Vous avez reconnu dans la 1° lecture, la problématique que j’évoquais samedi dans ma présentation de la 1° lettre de St Jean quand je vous expliquais que les chrétiens de cette fin du 1° siècle ont été confrontés à une terrible hérésie : le docétisme. Du coup, on comprend que St Jean, parlant du discernement nécessaire qu’il faut opérer face à ce qu’on entend donne un critère important : « Voici comment vous reconnaîtrez l’Esprit de Dieu : tout esprit qui proclame que Jésus Christ est venu dans la chair, celui-là est de Dieu. Tout esprit qui refuse de proclamer Jésus, celui-là n’est pas de Dieu : c’est l’esprit de l’anti-Christ. » Voilà c’est donc clair, ceux qui refusent de reconnaître le réalisme de l’Incarnation ne peuvent pas parler en prétendant être inspirés par l’Esprit de Dieu : tout esprit qui proclame que Jésus Christ est venu dans la chair, celui-là est de Dieu.

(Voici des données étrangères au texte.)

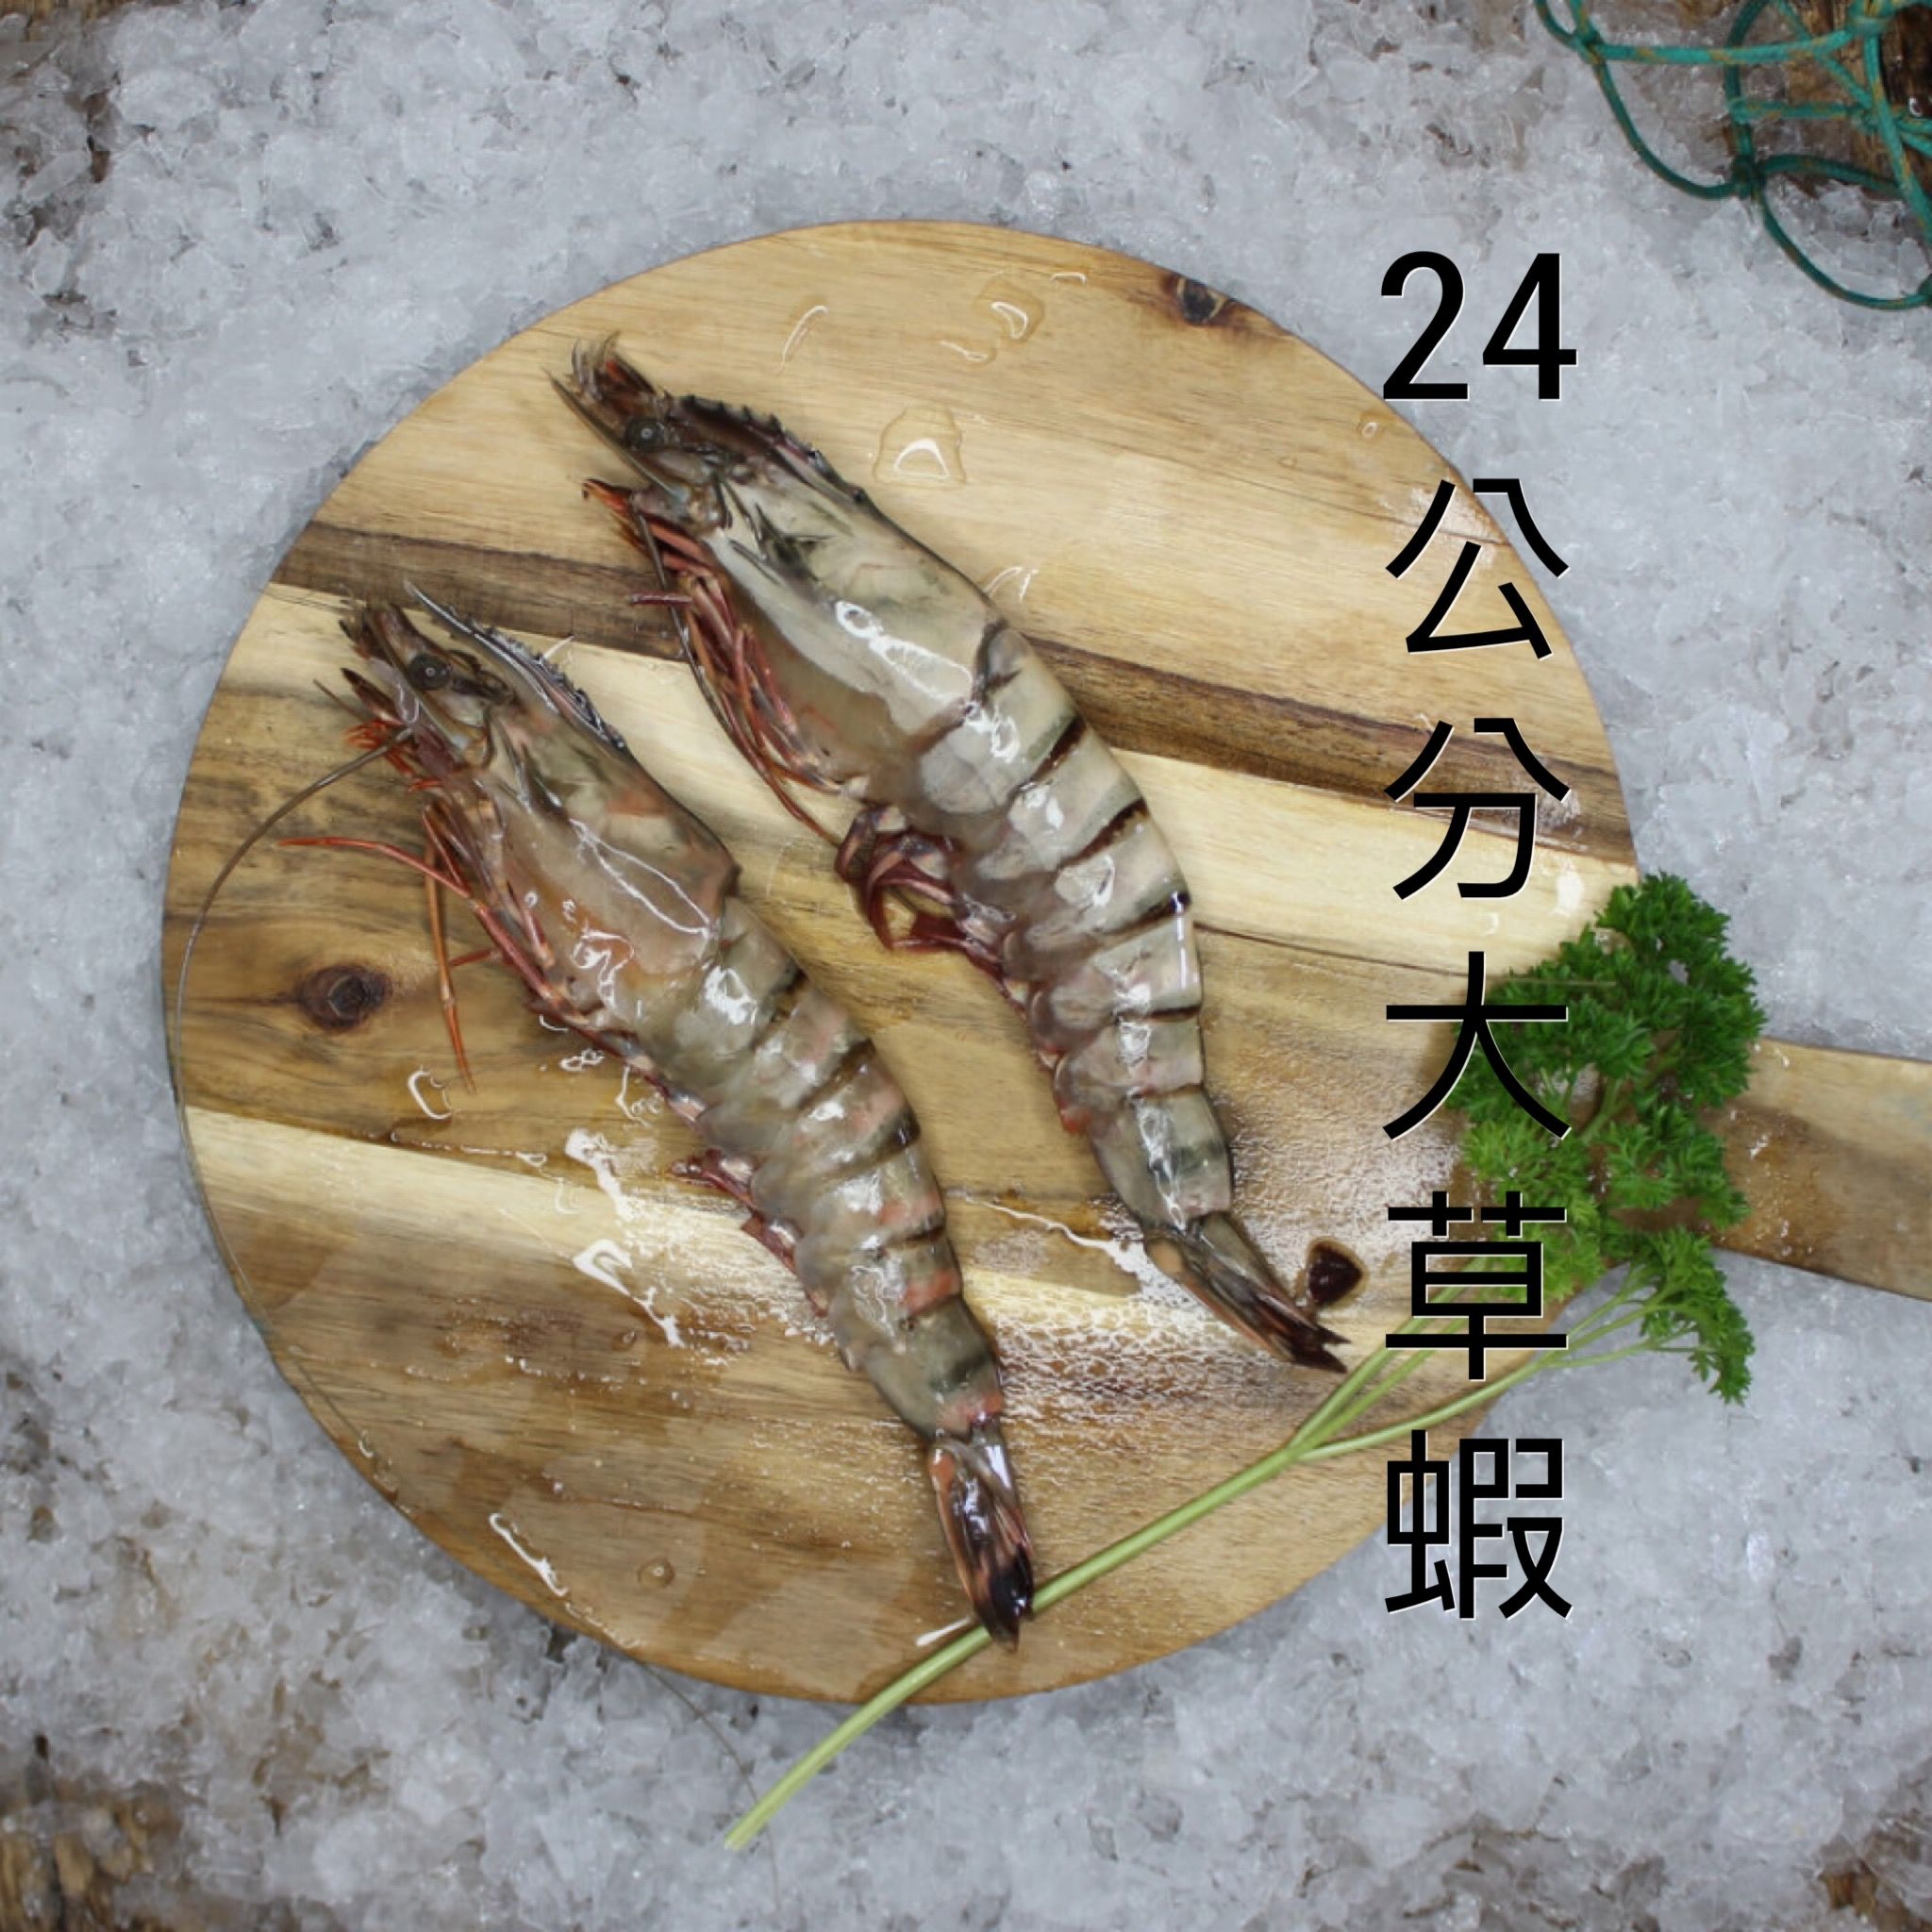 百克足重大草蝦 每包4隻 400克

Et, pour que ce soit très clair, St Jean le reprend en le formulant autrement : Tout esprit qui refuse de proclamer Jésus, celui-là n’est pas de Dieu. Quand St Jean utilise l’expression « proclamer Jésus » il veut bien parler de l’Incarnation, Jésus, c’est le nom d’homme de Celui qui est la 2° personne de la Trinité. A chaque fois que je proclame le nom de Jésus, c’est comme une mini profession de foi : je proclame que Dieu a envoyé son Fils éternel pour me sauver. Je proclame que, pour moi, il s’est fait homme, afin que moi, pauvre homme pécheur, je devienne fils de Dieu ! On se moque parfois des charismatiques qui aiment répéter sans cesse Jésus, Jésus, Jésus … mais on serait bien inspiré de les imiter puisque, comme je viens de le dire, prononcer ce simple mot, c’est faire une vraie profession de Foi.

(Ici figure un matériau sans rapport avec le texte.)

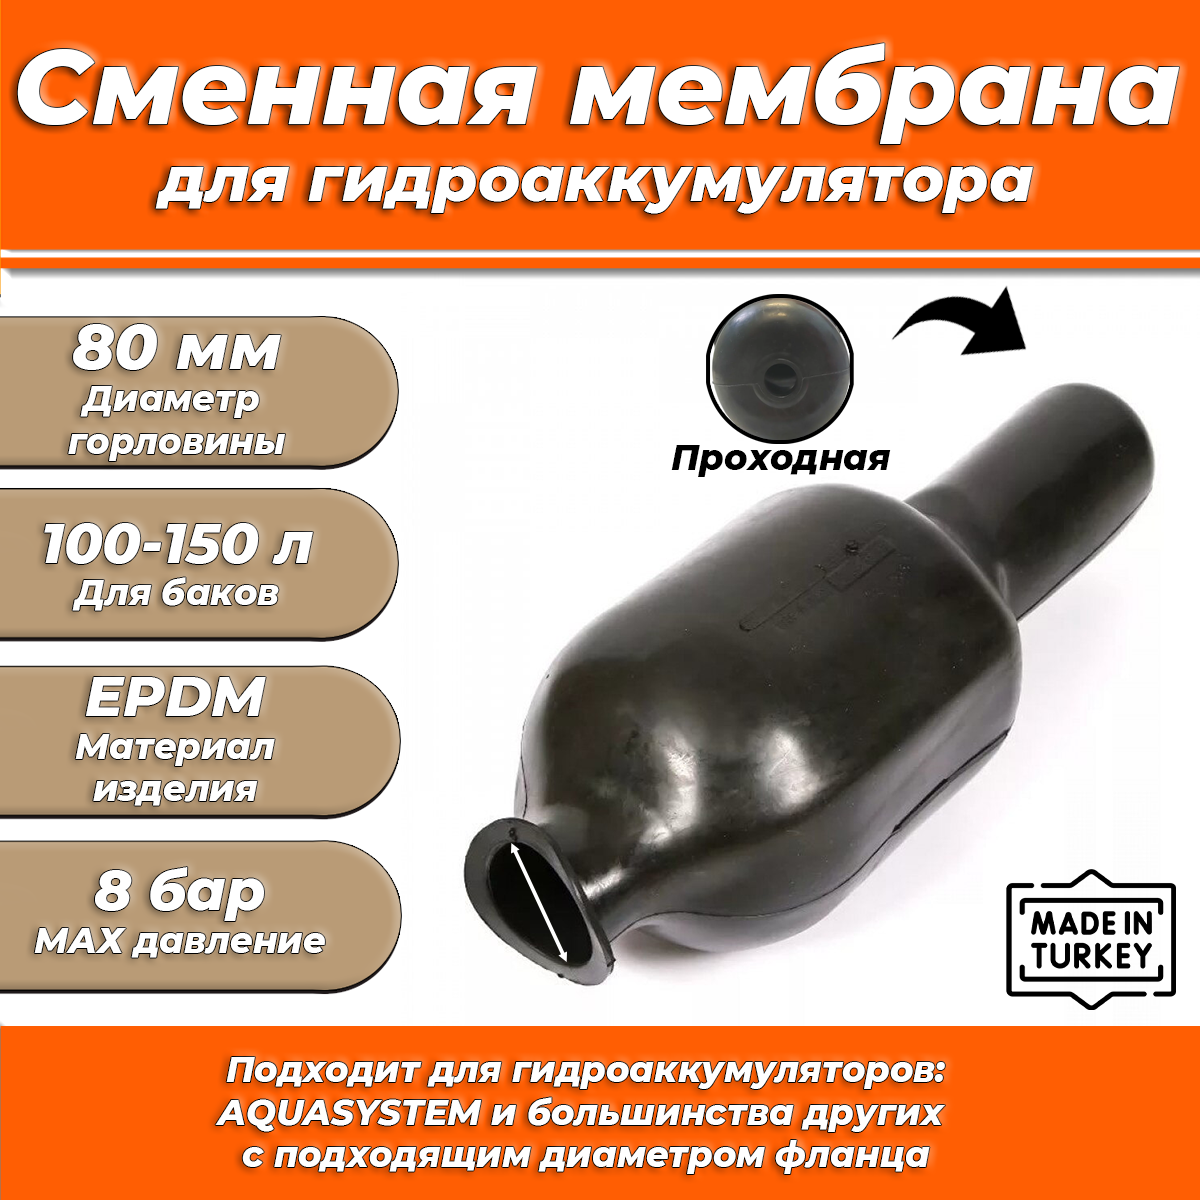 Мембрана для гидроаккумулятора Euromax 100-150 (80/110/650мм, проходная)

Dans cette lecture, St Jean invite donc les chrétiens d’hier mais ceux d’aujourd’hui également au discernement. Il y a tellement de choses qui se disent qu’il ne faut pas tout avaler et rester prudent : « ne vous fiez pas à n’importe quelle inspiration, mais examinez les esprits pour voir s’ils sont de Dieu, car beaucoup de faux prophètes se sont répandus dans le monde. » Autrement dit, il y en a beaucoup qui parlent et disent n’importe quoi. Il faut apprendre à discerner pour ne pas se laisser avoir par n’importe quel propos que j’entends sur la place du marché ou à la radio et à la télé, et il faut être encore plus prudent avec tout ce qui circule sur internet et qui peut s’avérer complètement faux, on appelle ça d’un mot anglais : les « fake-news » qui hélas se répandent plus vite que la vérité. Les mauvaises nouvelles, les fausses nouvelles se diffusent hélas bien plus vite que la bonne nouvelle, que la vérité de la bonne nouvelle qui est que, en envoyant son Fils éternel qui est venu partager notre chair, notre histoire, Dieu a tout mis en œuvre pour nous sauver. Le Fils de Dieu s’est fait homme pour que les hommes puissent devenir Fils de Dieu.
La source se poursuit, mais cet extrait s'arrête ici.